When the chief priests and the Pharisees heard his parables, they realized that he was speaking about them.
— Matthew 21:33-45
As I have alluded to earlier in these meditations, one of the disturbing aspects of this time is the political polarization that has become more and more apparent. Jim Wallis, the provocative author and editor of Sojourners magazine, wrote a book a few years back that spoke to this emerging crisis in American life. The book’s title was worth the purchase alone – On God’s Side: What Religion Forgets and Politics Hasn’t Learned About Serving the Common Good. In the book Wallis cautions that trying to understand God’s side means being more reflective about ourselves and about “our side,” which we must endeavor to do if our greatest desire is to be on “God’s side.” He articulates that idea in a memorable way by saying, “What if the common good could bring us together? I always say, ‘Don’t go left, don’t go right, go deeper.’” Today’s parable pushes us to do just that.

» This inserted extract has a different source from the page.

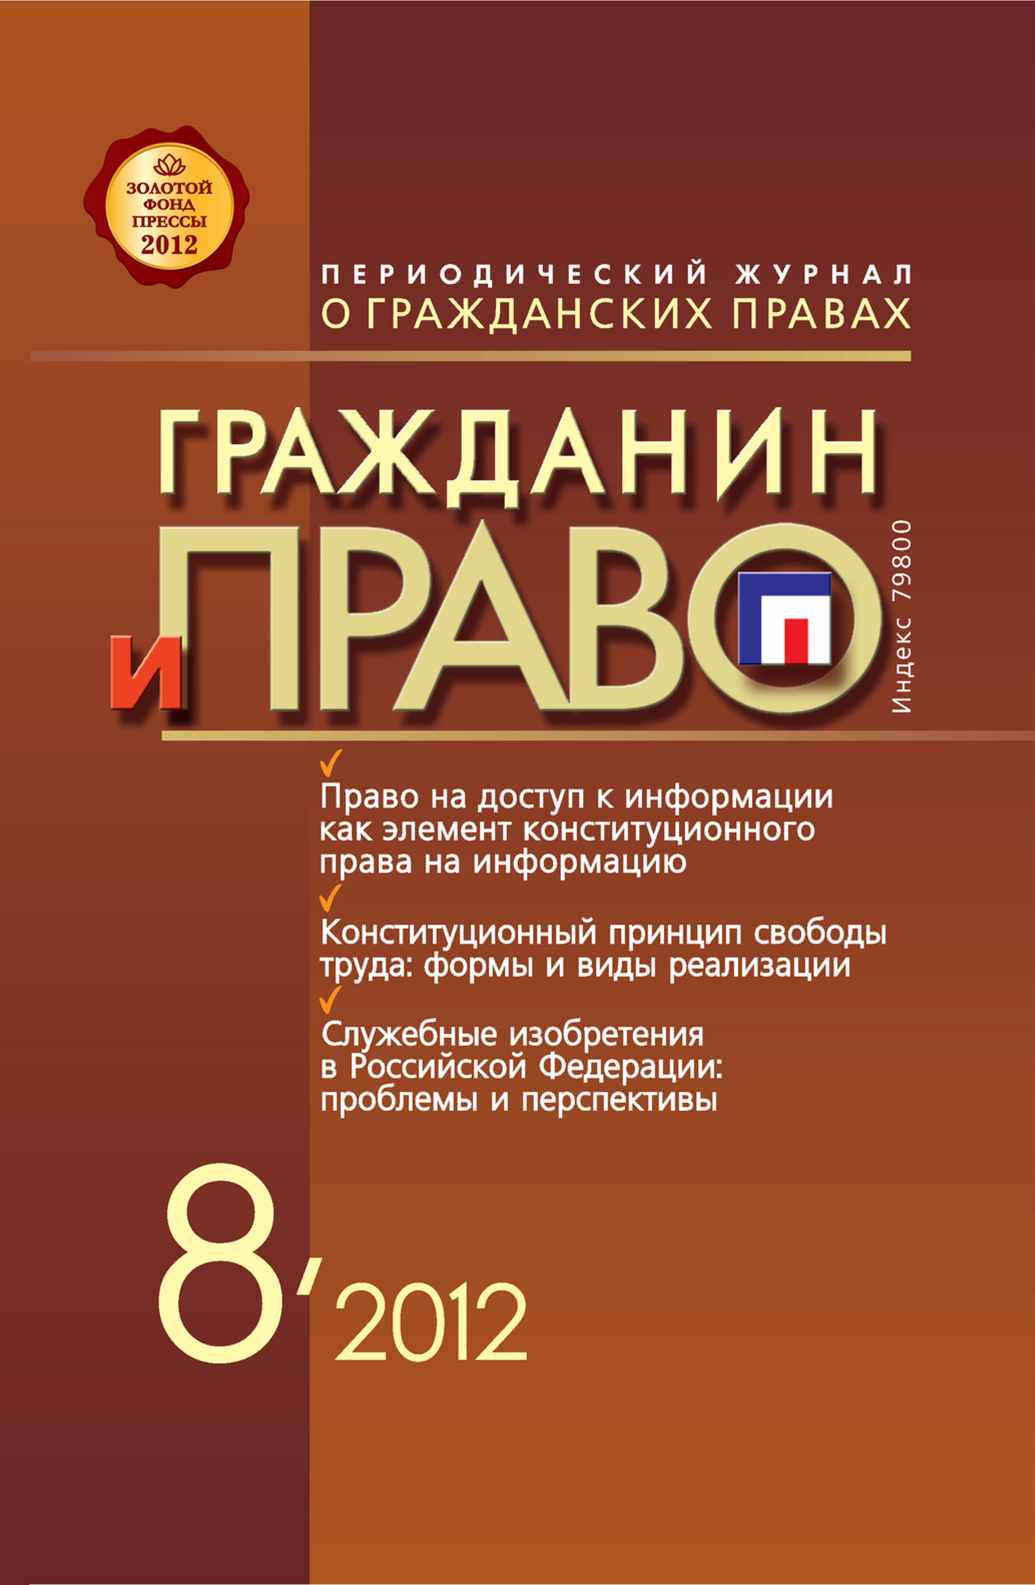 Гражданин и право №08/2012

Playwright Stephen Adly Guirgis wrote a profound play, The Last Days of Judas Iscariot, that made its debut Off-Broadway several years ago. The play revolves around the imagined trial of Judas and includes many biblical characters, as well as several religious figures from history, who come and testify for/against Judas. The story is remarkable, but just as amazing is the story behind the story.
James Martin is a Jesuit priest who agreed to be the religious consultant for the play, and he describes his experiences with that in a book called A Jesuit on Broadway. The book is a delightful behind-the-scenes depiction of the development of the play, but it is also a chronicle of the spiritual journeys and understandings of the cast.

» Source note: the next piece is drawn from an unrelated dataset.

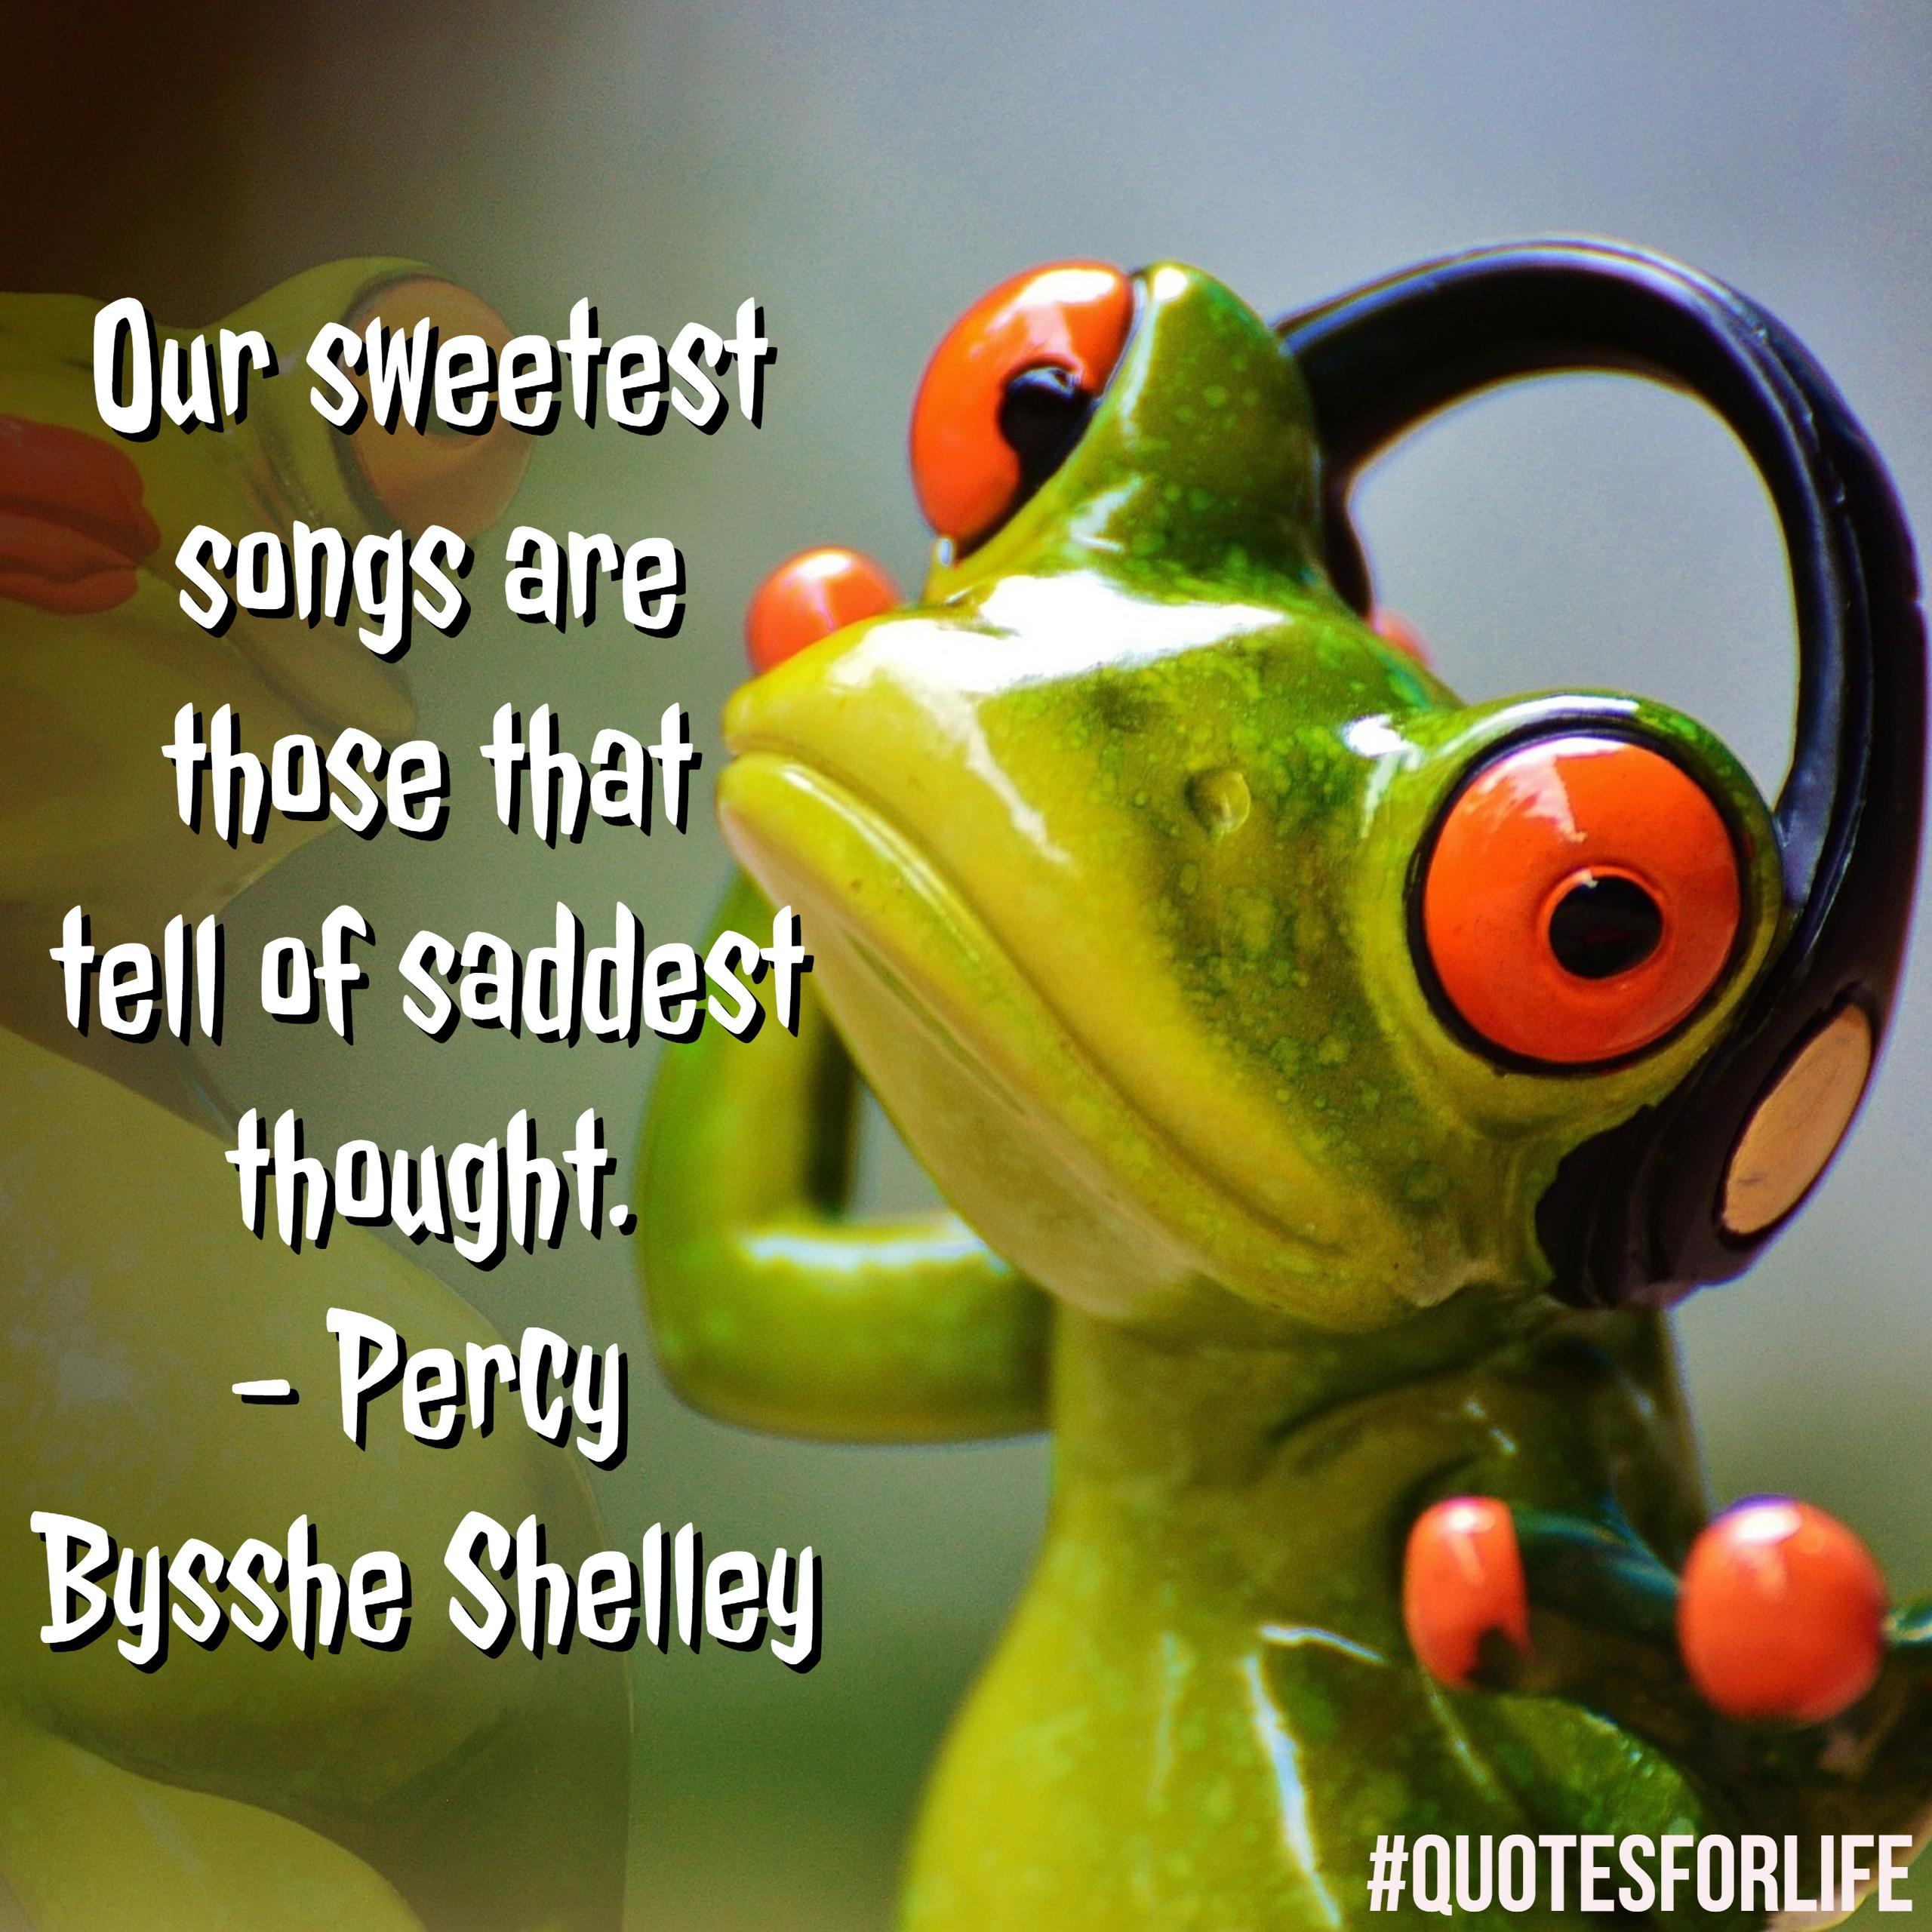 Percy Bysshe Shelley

The play was originally directed by Philip Seymour Hoffman, the talented actor and director who left this world too soon. Martin noted that people who worked with Hoffman were taken with his down-to-earth persona and his genius in interpreting characters and situations. A large part of this incredible insight into artistry was his ability to use a story to get his point across. Father Martin said it was amazing when Hoffman would take an actor aside and talk about a scene by telling an unrelated story, then ask the actor to describe his feelings about that story. Then Hoffman would seize upon the discovery and say, “That is my impression of the feelings of your character in this scene.”
Stories are powerful teaching tools, and no one knew that better or taught that better than Jesus. For the past several days we have found ourselves listening to his stories. And I don’t know about you, but I have discovered once again that these stories of Jesus are not gentle little stories that merely comfort and console us. Quite the contrary — these parables of Jesus tend to have a definite edge to them, one that cuts through complacent Christianity and domesticated discipleship. Today’s story is no different. In fact, its pungency should make us wince.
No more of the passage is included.